ABOUT THIS EXERCISE - Take every line from the listing below that includes "Online" and copy it.

GIVEN INFORMATION -
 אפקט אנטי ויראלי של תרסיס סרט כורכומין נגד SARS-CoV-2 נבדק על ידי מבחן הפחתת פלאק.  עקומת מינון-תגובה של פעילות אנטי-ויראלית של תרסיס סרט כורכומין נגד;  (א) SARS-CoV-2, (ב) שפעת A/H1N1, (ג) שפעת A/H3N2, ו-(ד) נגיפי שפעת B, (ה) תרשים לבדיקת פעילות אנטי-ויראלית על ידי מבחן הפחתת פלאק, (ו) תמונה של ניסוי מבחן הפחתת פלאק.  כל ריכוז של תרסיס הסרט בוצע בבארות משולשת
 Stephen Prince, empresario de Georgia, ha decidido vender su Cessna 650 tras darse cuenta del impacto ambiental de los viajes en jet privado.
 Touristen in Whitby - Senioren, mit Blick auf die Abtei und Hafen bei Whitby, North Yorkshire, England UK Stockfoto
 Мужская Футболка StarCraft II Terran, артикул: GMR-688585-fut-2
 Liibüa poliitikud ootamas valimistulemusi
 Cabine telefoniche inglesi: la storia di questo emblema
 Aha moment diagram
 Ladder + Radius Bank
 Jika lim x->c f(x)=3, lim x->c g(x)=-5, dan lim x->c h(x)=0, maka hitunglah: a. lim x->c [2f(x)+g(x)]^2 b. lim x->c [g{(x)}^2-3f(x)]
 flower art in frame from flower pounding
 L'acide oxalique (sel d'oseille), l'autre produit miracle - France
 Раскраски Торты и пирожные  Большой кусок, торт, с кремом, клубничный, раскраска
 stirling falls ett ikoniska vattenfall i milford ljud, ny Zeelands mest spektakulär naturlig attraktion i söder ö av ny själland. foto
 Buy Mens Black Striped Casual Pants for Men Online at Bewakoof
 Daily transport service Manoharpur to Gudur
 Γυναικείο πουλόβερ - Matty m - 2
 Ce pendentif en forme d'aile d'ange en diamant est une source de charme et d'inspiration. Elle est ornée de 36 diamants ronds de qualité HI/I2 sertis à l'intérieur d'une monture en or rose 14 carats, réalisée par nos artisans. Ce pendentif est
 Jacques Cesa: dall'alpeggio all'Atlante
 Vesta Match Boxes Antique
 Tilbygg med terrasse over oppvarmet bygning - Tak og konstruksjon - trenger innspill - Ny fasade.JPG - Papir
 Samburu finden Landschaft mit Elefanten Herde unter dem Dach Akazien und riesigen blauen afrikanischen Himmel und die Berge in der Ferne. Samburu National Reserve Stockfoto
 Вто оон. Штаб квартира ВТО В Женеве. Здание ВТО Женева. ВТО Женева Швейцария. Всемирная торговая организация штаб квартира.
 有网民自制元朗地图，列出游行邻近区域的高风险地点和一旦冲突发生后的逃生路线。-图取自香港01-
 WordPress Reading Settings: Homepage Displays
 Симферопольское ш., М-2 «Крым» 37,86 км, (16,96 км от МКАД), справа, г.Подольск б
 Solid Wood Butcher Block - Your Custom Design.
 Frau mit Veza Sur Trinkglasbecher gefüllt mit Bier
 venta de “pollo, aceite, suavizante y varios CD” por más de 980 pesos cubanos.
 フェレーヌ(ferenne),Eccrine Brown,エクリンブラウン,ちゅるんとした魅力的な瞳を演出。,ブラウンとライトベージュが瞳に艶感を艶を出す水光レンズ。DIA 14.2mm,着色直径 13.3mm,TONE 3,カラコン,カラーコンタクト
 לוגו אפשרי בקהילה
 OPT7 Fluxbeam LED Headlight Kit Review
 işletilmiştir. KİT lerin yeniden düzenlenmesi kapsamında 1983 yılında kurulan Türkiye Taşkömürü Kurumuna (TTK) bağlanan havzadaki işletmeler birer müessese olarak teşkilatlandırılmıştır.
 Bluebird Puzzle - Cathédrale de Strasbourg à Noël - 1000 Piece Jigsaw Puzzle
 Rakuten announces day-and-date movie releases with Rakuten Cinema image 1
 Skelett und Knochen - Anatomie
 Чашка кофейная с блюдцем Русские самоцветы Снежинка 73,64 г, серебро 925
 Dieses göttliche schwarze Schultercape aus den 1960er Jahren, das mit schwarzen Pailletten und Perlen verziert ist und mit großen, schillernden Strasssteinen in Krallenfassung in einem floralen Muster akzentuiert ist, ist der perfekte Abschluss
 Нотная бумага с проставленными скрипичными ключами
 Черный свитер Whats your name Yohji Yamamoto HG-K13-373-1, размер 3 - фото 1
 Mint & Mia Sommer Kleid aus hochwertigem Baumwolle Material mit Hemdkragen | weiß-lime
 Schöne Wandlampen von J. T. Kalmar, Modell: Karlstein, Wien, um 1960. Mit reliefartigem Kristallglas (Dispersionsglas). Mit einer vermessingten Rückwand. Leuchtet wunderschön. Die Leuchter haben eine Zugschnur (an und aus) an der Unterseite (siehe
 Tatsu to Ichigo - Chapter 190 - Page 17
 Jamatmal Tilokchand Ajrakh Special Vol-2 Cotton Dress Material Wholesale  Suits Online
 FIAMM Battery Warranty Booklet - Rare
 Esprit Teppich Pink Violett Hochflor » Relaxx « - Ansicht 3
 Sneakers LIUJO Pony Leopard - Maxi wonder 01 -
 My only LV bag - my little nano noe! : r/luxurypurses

EXERCISE ANSWER -
 Buy Mens Black Striped Casual Pants for Men Online at Bewakoof
 Jamatmal Tilokchand Ajrakh Special Vol-2 Cotton Dress Material Wholesale  Suits Online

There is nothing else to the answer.